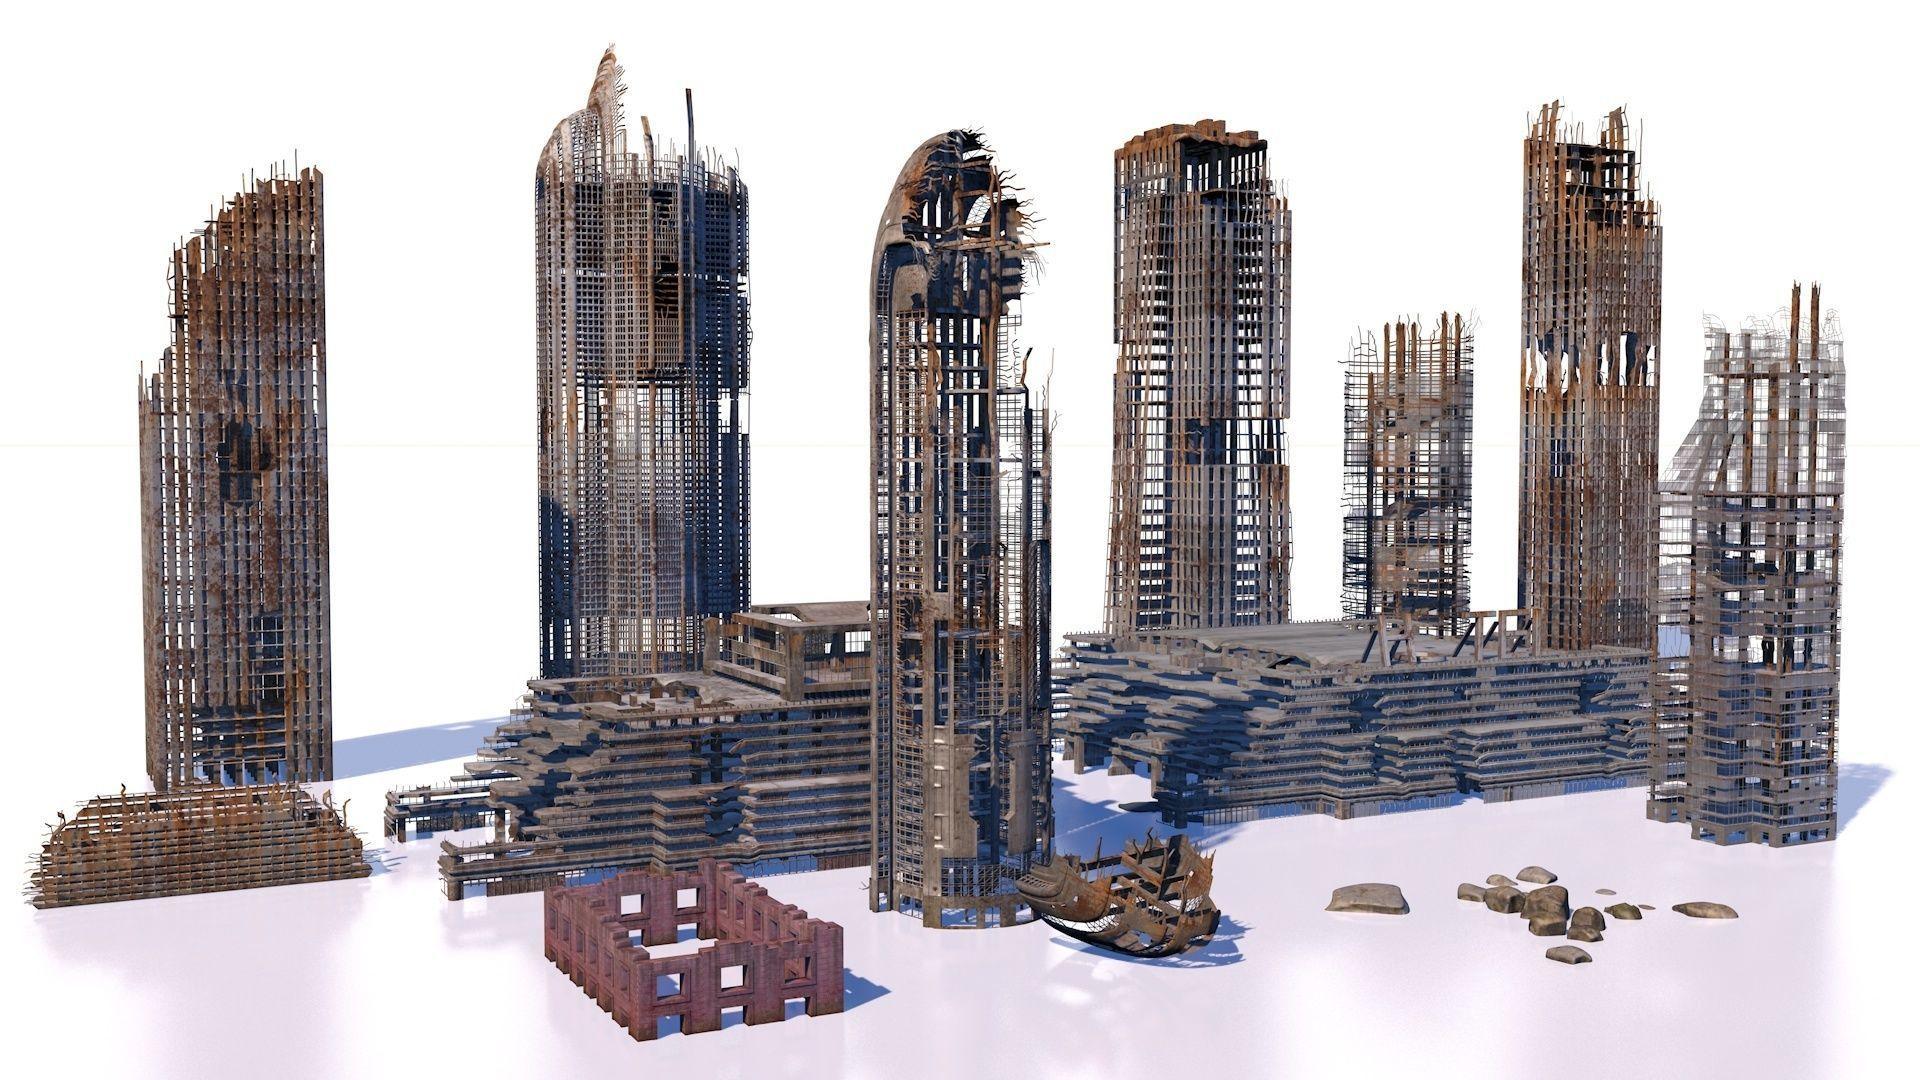 Buildings and skyscrapers in ruins
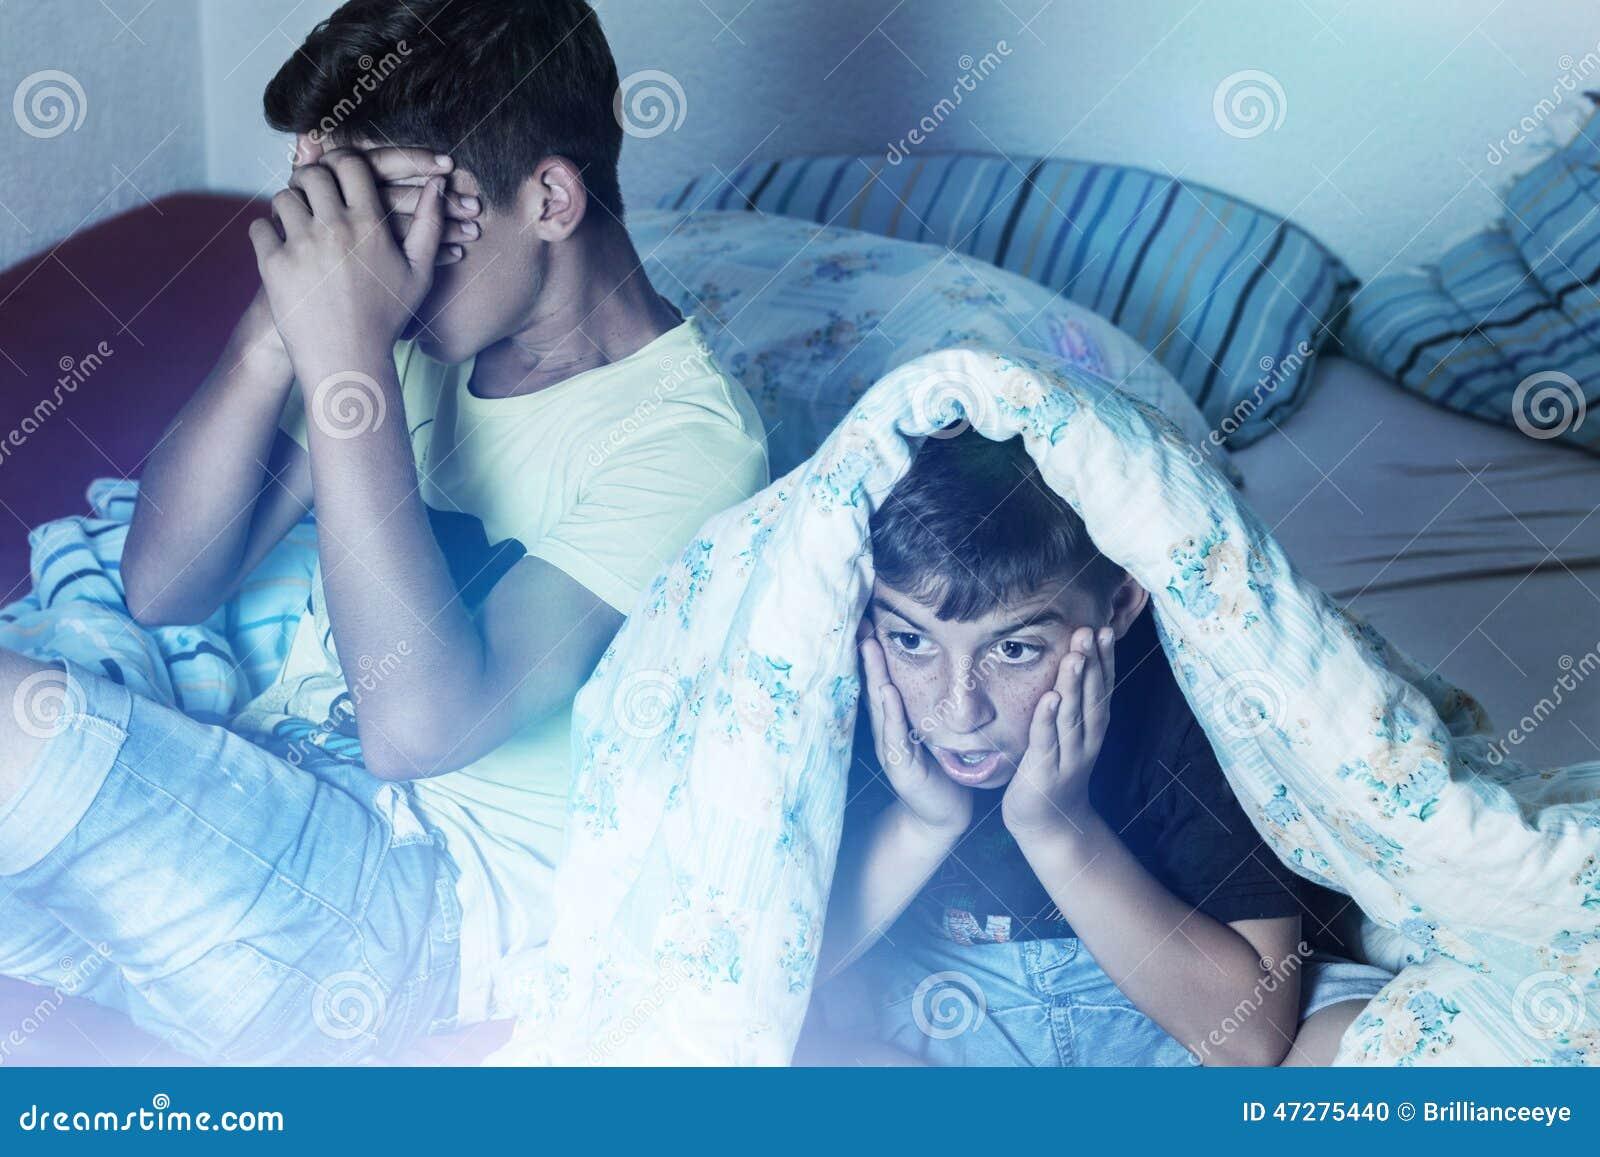 Horrified kids watching tv
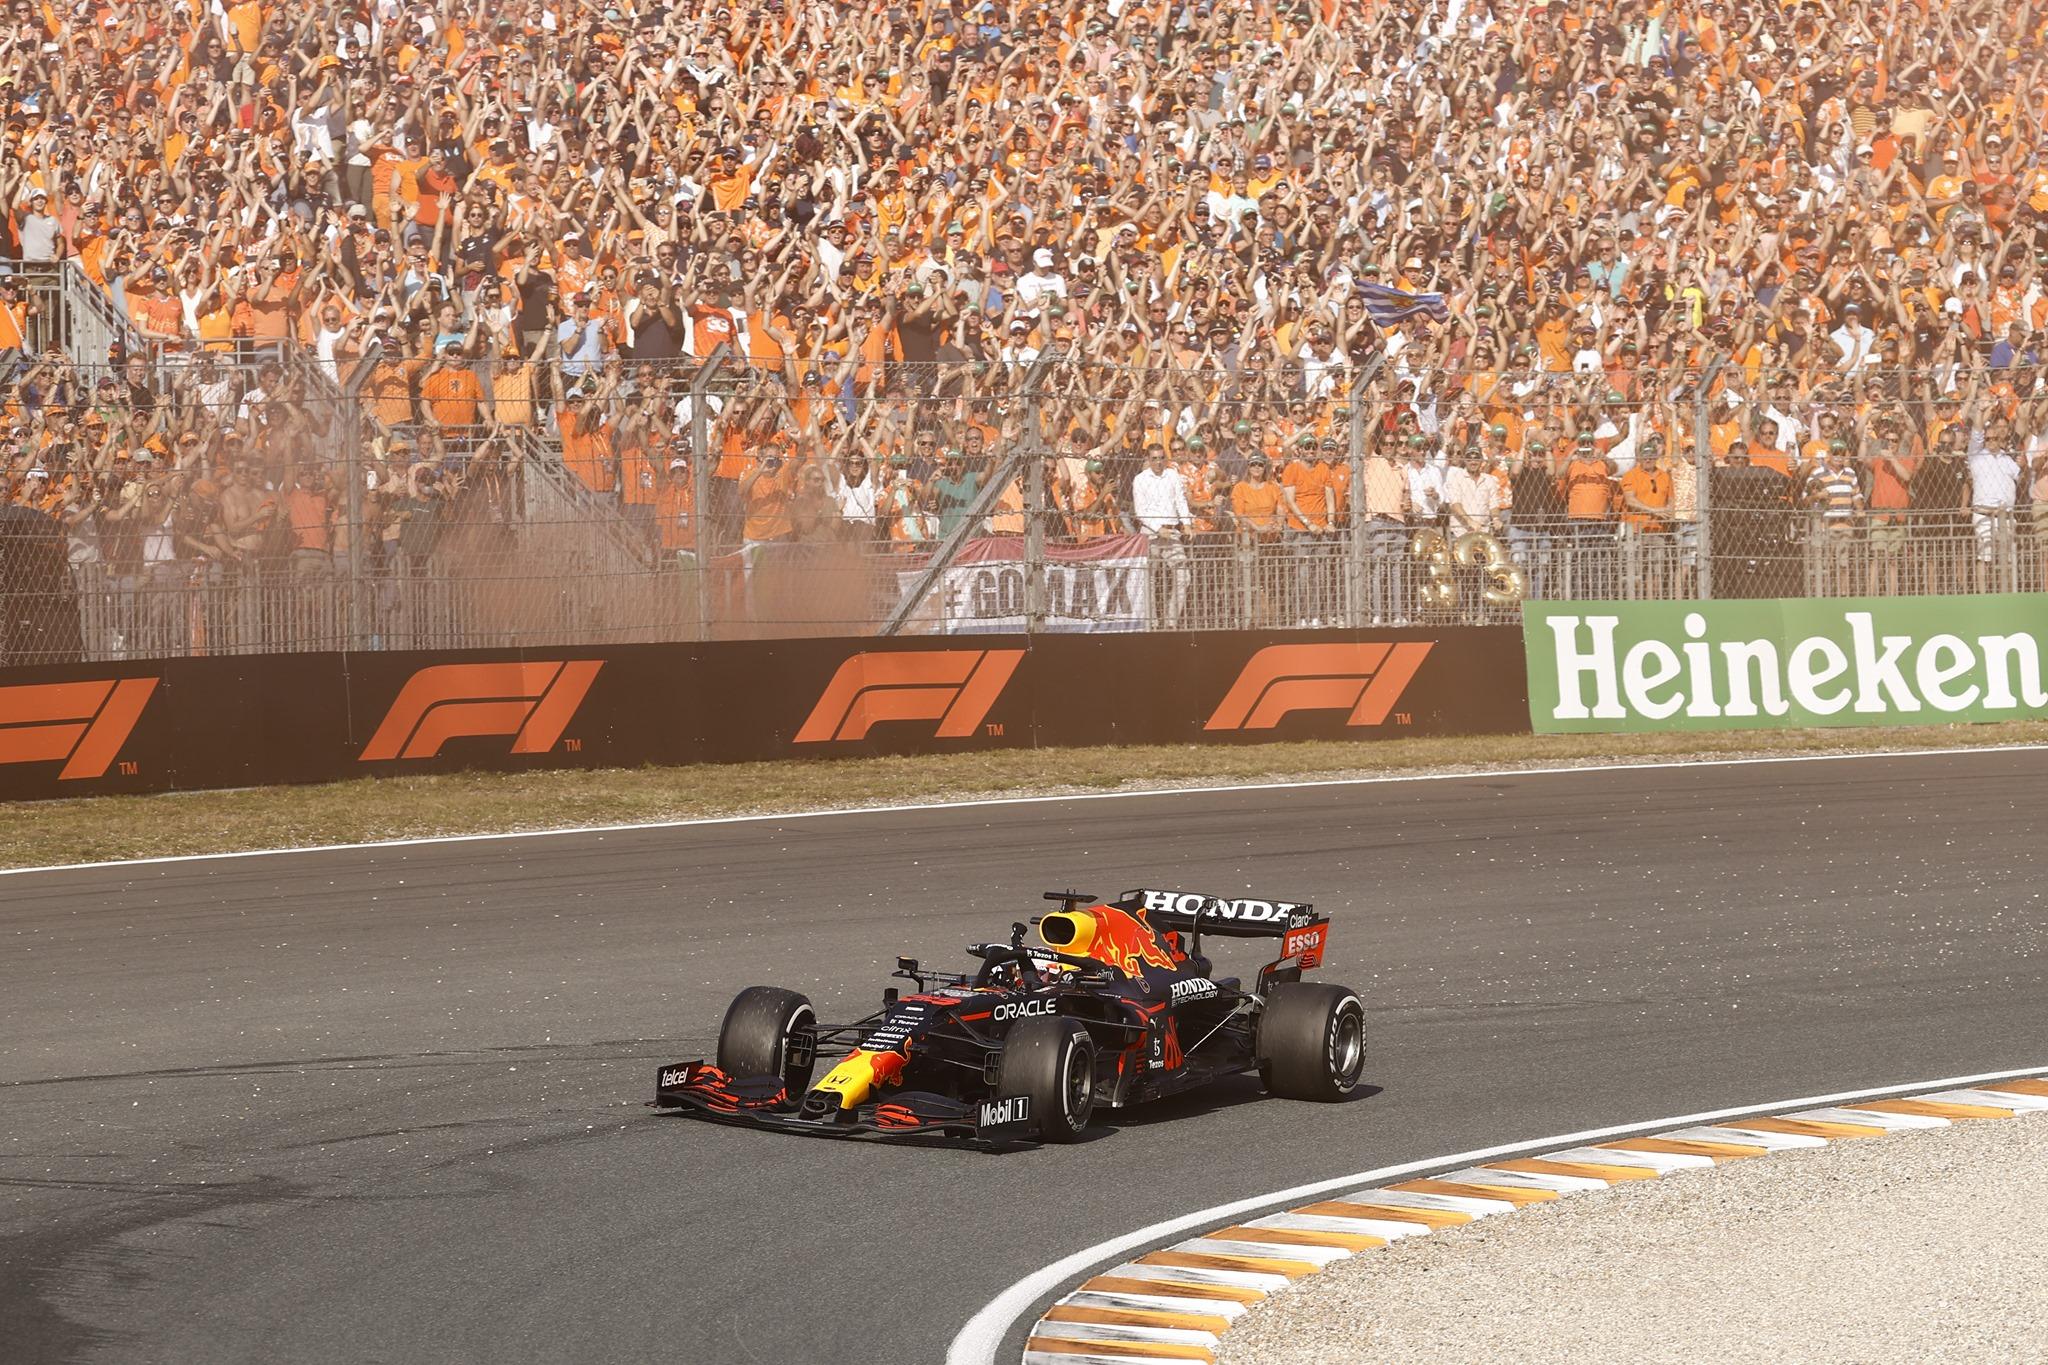 Verstappen thắng chặn Grand Prix Hà Lan 2021
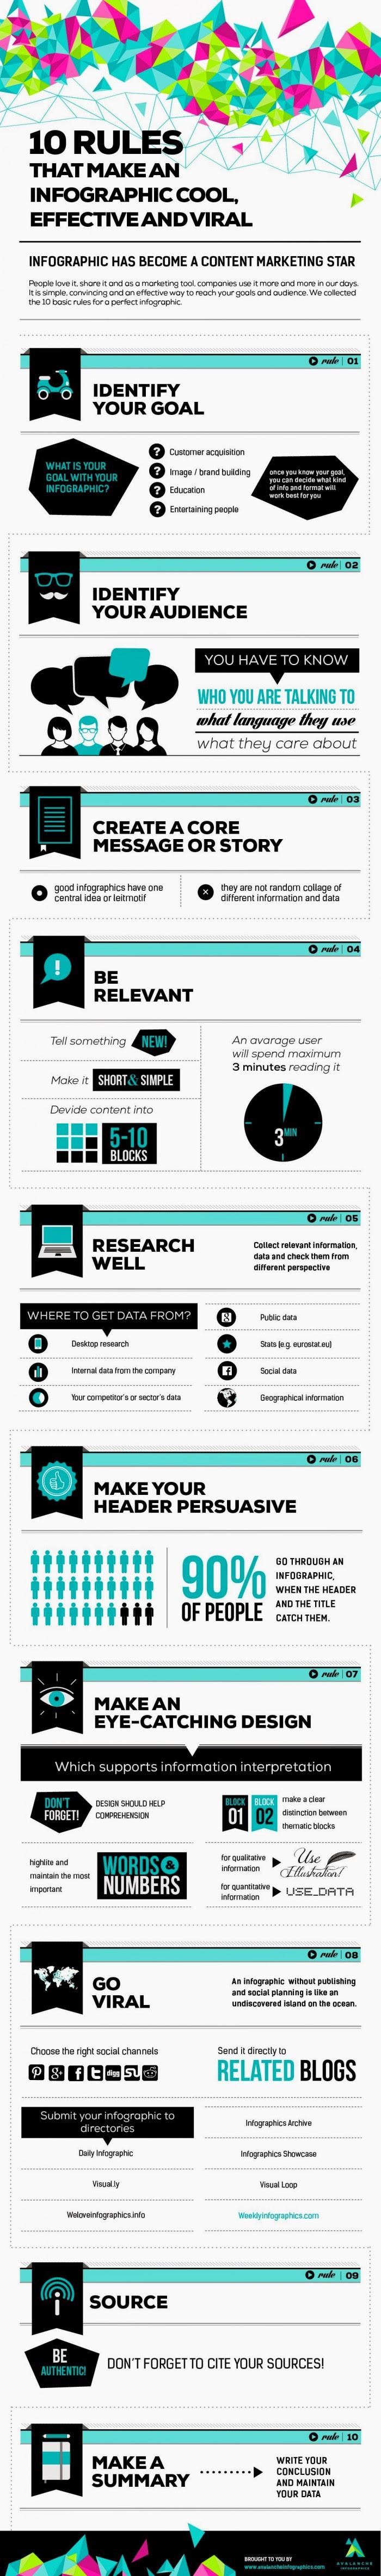 10-reglas-about-infographics

REQUIRED ACTION. Reproduce the listing exactly, but omit every picture in it.

SOLUTION TO THIS PROBLEM.
 Buildings and skyscrapers in ruins
 Horrified kids watching tv
 Verstappen thắng chặn Grand Prix Hà Lan 2021
 10-reglas-about-infographics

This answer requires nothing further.